This bombardment, measured from radioactive dating of the moon's craters, and by comparing lunar, martian, and mercurian cratering records, gradually declined in intensity until it reached present-day levels about 3.5 billion years ago.

The effect of the bombardment on the origin of life was significant. Bombardment affected:

1. the temperature of the early Earth

2. the composition of the atmosphere

3. delivered biogenic elements to Earth (biogenic elements are those chemicals common to all living organisms - like phosphates)

4. Finally, the high energy released could also have delayed the origin of life.

Let's look at each of these effects in more detail:

About 3.9 bya, the earth had solidified but the violent bombardment would have prevented the continuous existence of life on the planet before 3.8 billion years ago. Large impacts would have produced globally lethal conditions by boiling large volumes of ocean water effectively sterilizing the surface of the planet with steam.

This has been called the impact frustration of the origin of life.

The interesting thing is that the oldest fossils from rocks in Greenland are about 3.8 billion years old. This means that life was existed on the planet almost as soon as it was physically possible for it to do so.


What was the atmosphere like 3.8 billion years ago?
What chemical elements were present and in what quantities?
It turns out that the answers to these questions are also tied up with the bombardment.

As the planet cooled, an atmosphere formed. When scientists initially tried to work out what was in the first atmosphere they reasoned that, because most of the matter in the solar system is hydrogen the early atmosphere of Earth must have been rich in hydrogen.

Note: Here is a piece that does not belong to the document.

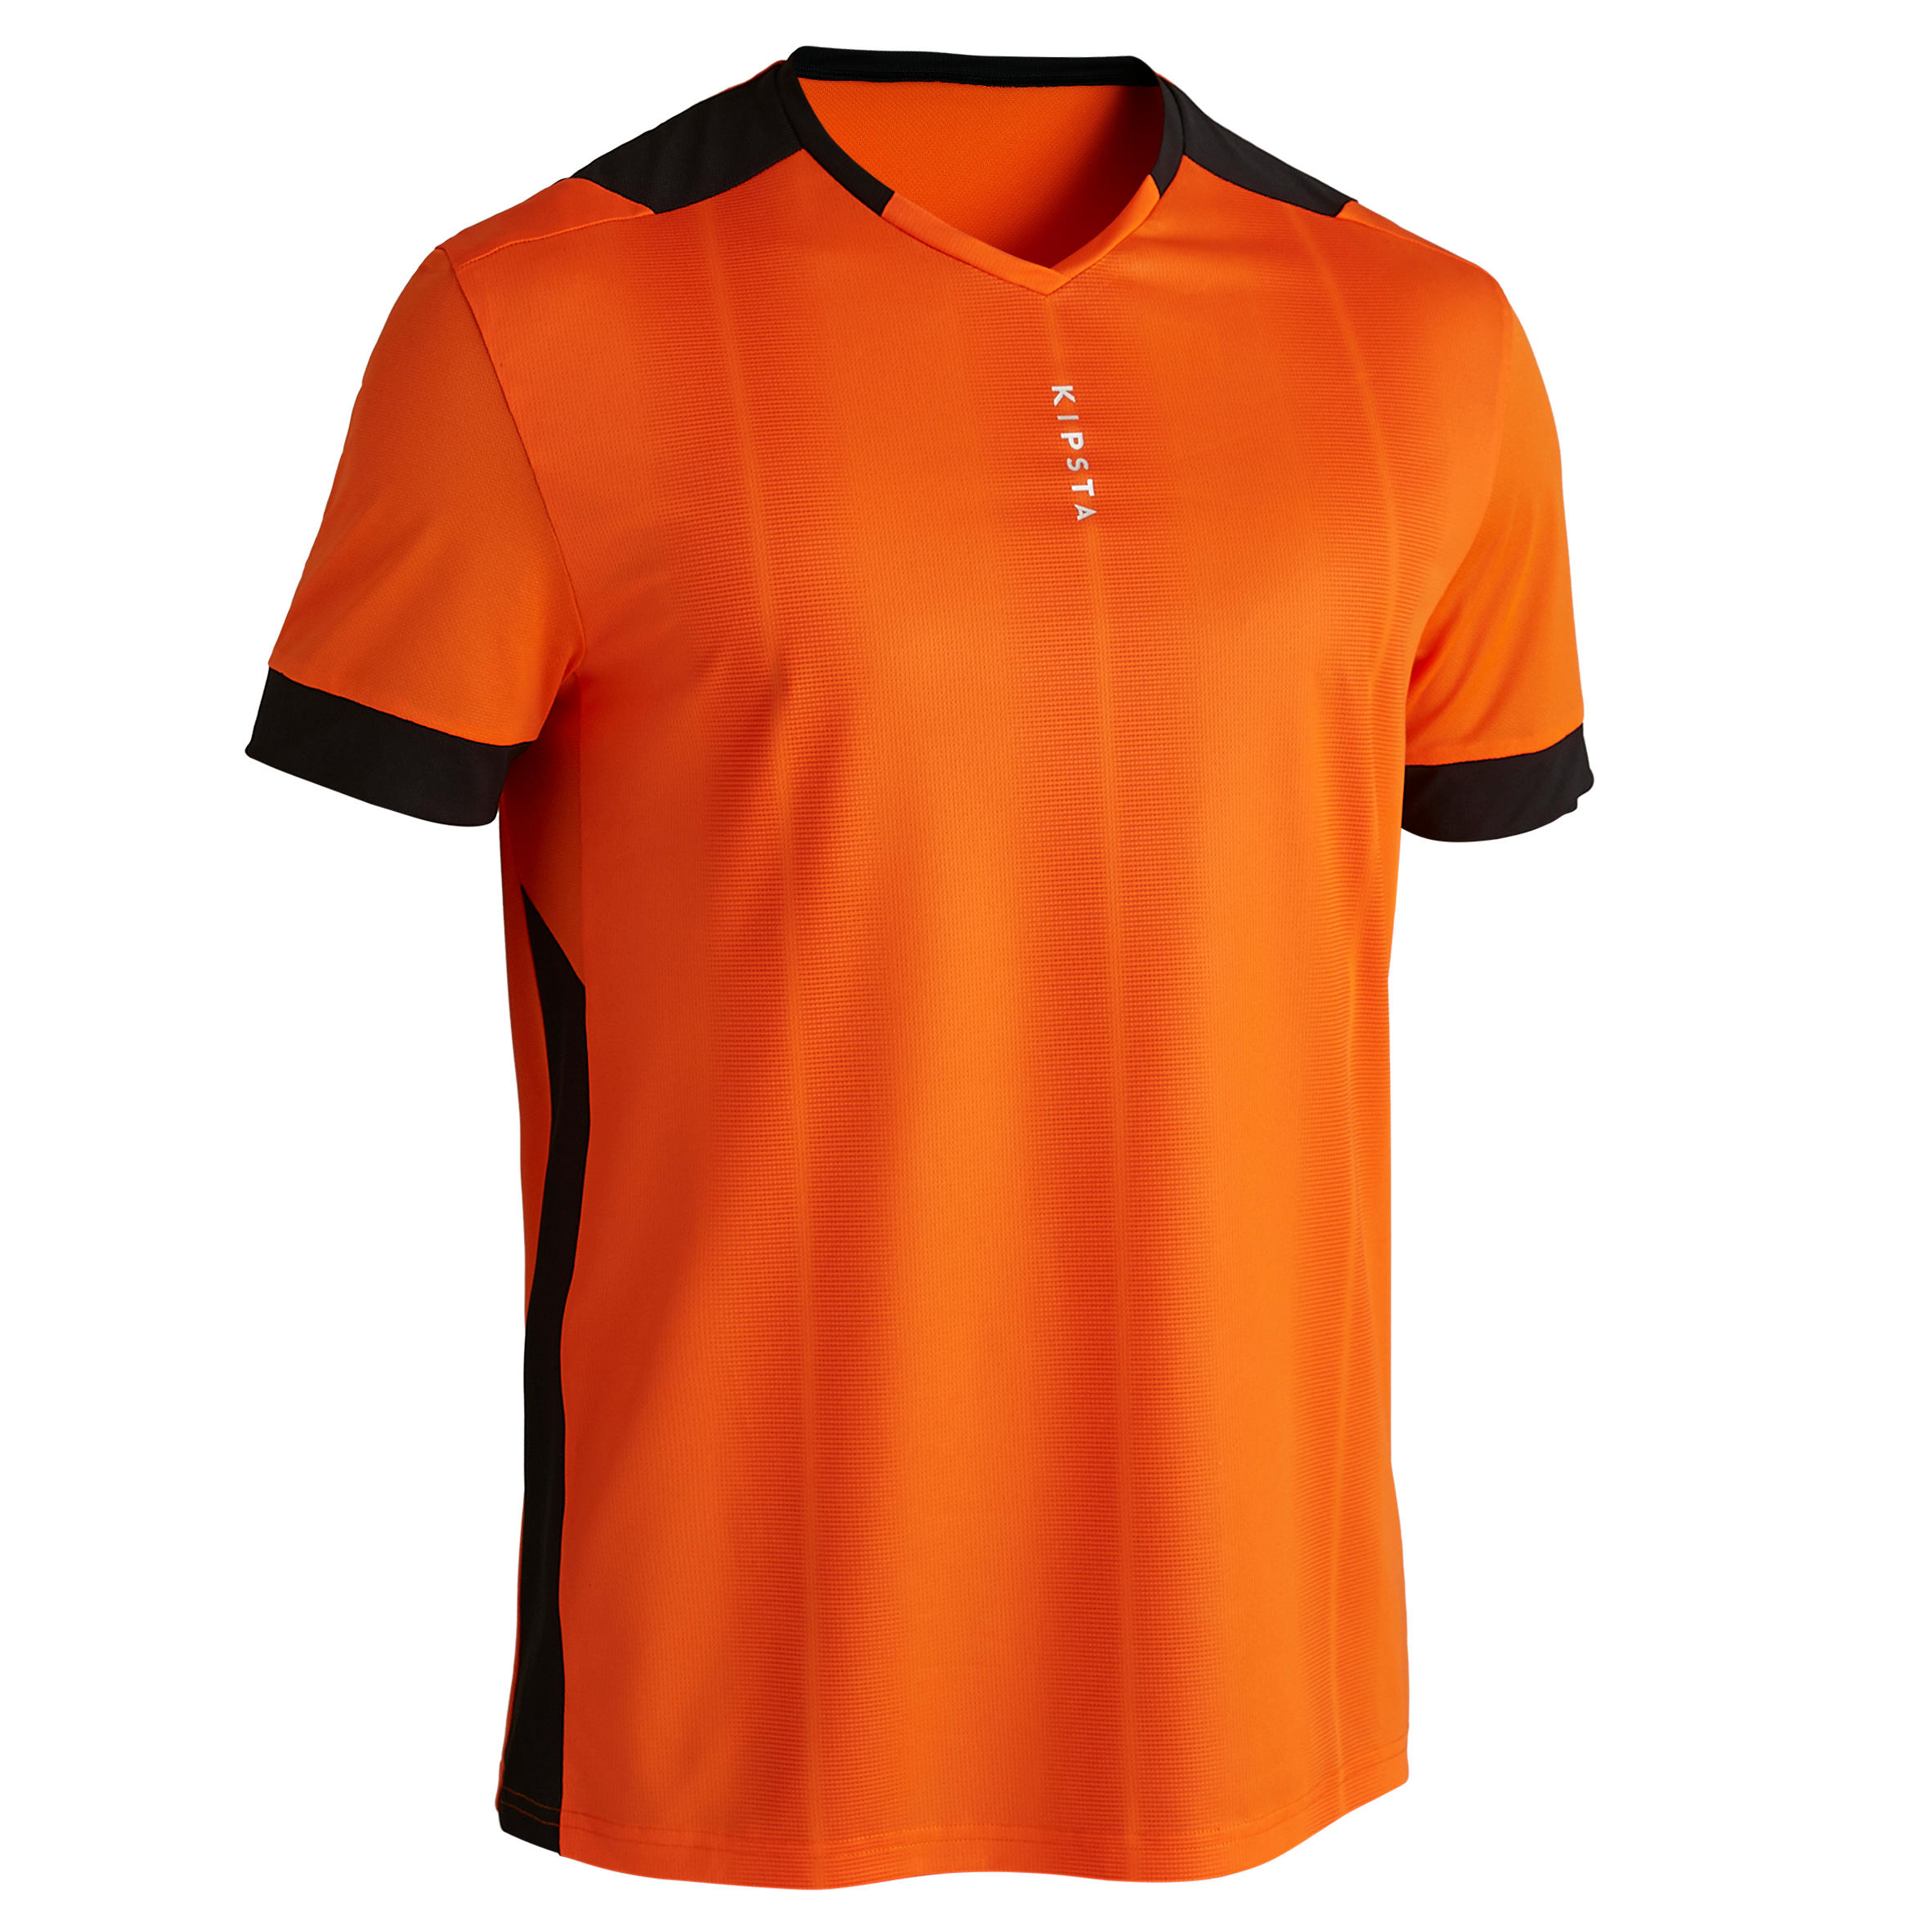 KIPSTA F500 Adult Football Jersey - Orange
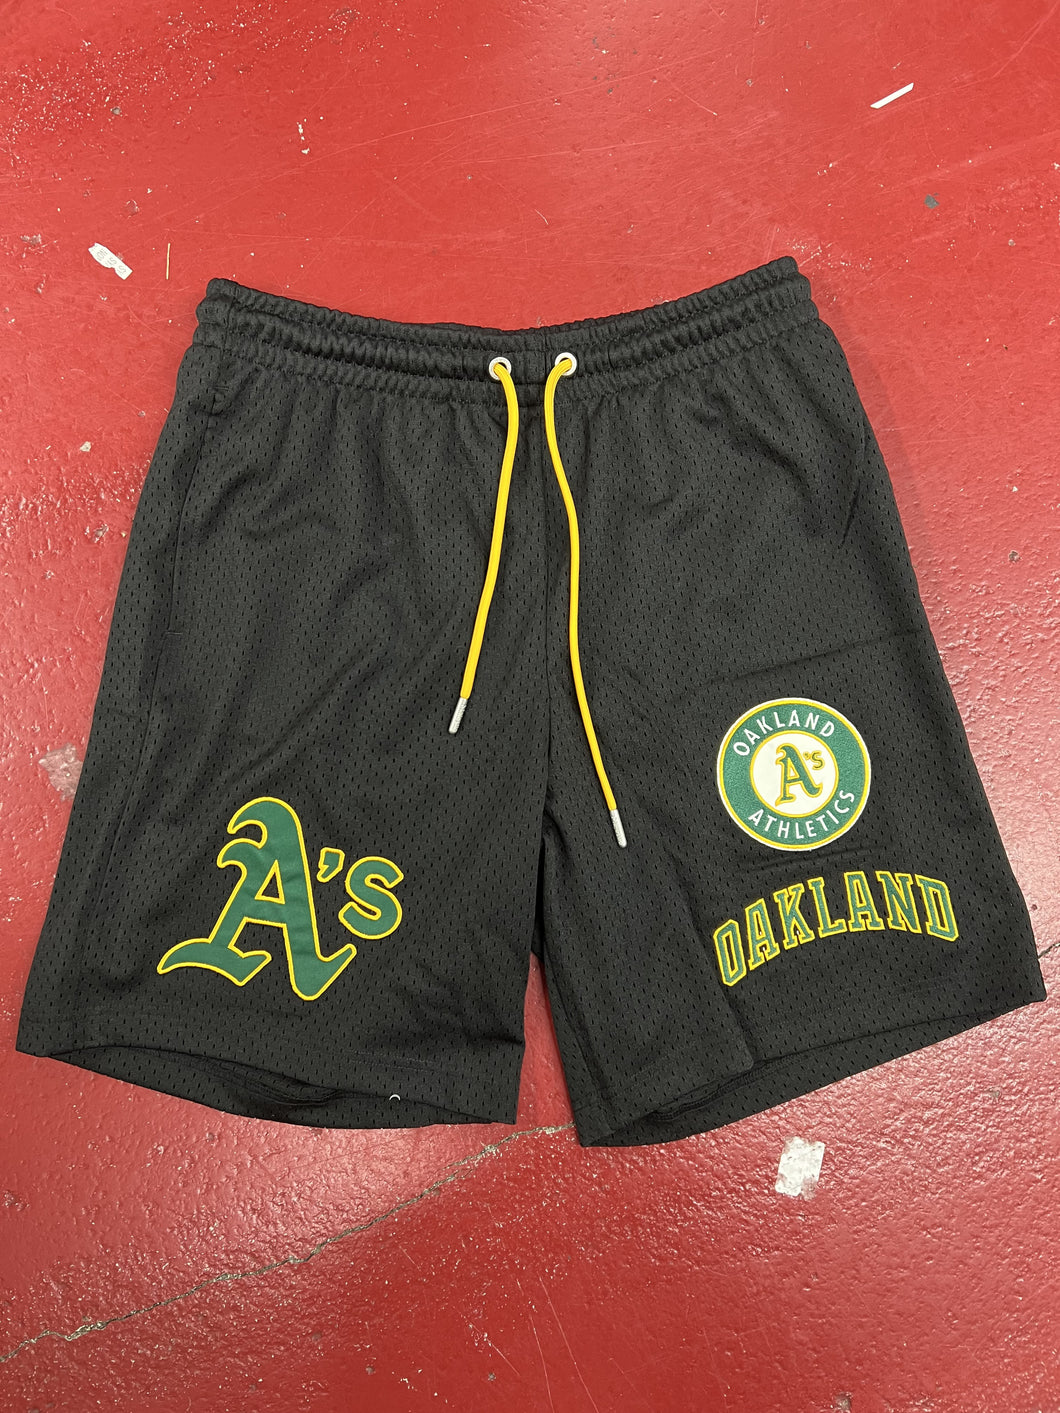 Oakland Basketball Shorts

Therefore, they concluded other elements (such as carbon, oxygen, nitrogen, and sulfur) would be bound to hydrogen in their reduced forms as

CH4 (methane),
NH3 (ammonia),
H2S (hydrogen sulfide), and
H2O (water)

BUT if such an atmosphere did exist it would have been blasted away by meteor impacts during the bombardment phase.

The more probable source of the atmosphere present 3.8bya would have been gases released from the cooling rocks such as we now get from volcanoes and other vents through the crust.

Based on an analysis of gases vented by modern volcanoes, it seems likely that this early atmosphere consisted mostly of water vapor (H2O) and carbon dioxide (CO2) and nitrogen gas (N2).

Note that this atmosphere is very different from the one we have today.

- Today, the atmosphere contains only about 0.03% CO2.
- The reduction of CO2 in the atmosphere is the result of the action of living organisms. Much carbon exists today in the form of minerals rather than as CO2 in the atmosphere. Most carbonate minerals are remains of skeletons of once-living organisms.

2. Where did the oxygen come from? -Photosynthesis

3. Nitrogen on early Earth would have been at approximately its same percentage as Earth's present atmosphere.

4. Trace amounts of hydrogen (H), methane (CH4), hydrogen sulfide(H2S), hydrogen cyanide(HCN), and formaldehyde(CH2O) would have been present.

As the Earth cooled, water vapor condensed as rain and formed oceans and seas.

In addition to an atmosphere very different from the one we know, lightning, volcanic activity (crust thiner), and ultraviolet radiation (no ozone) were much more intense when the Earth was young.


What Was the Origin Of Complex Organic Molecules?

We are going to make an assumption: the chemical components found in all living prokaryotic and eukaryotic cells was present in the ancestral organism from which all life derived. In other words: the spontaneous interaction of the molecules present in the early earth's atmosphere formed more complex organic molecules, such as amino acids, sugars, fatty acids, and nitrogen bases - the building blocks of life as we know it today.

As these organic compounds accumulated they formed an "organic soup" in which additional reactions could take place.

The energy needed to drive the formation of these organic molecules was derived from the sun's radiation, electrical discharges in the form of lightening, and heat from the cooling earth.


Synthesizing the Chemical Components of Living Organisms

Important point - Laboratory simulations cannot establish that the kind of chemical evolution that has been described here actually created life on primordial earth, but only that some of the key steps could have happened.

Proteins

Proteins are made up of subunits, called amino acids so we must first talk about how to make amino acids.

There are 20 different types of amino acids used in living organisms, but all have the same central structure consisting of a carboxyl group (COO-), an amino group (NH3), and a carbon with a hydrogen and a variable side chain. For example:

Alanine:

Isoleucine:


1953 experiment by Stanley Miller. While a graduate student at the University of Chicago, Miller began work to test the Oparin-Haldane hypothesis by creating laboratory conditions comparable to those of the early Earth.

First he created a "comic strip version" of primitive Earth.

In a flask he put:

1. water (for the primeval sea),
2. methane (CH3), ammonia (NH3), and hydrogen for the atmosphere (note there is no O2 no CO2).
3. He sealed it off and exposed it to sparks for lightning and other forms of high energy such as UV radiation and heat (from Earth's interior)
4. A condenser cooled the atmosphere, raining water and any dissolved compound back into the flask (= the sea).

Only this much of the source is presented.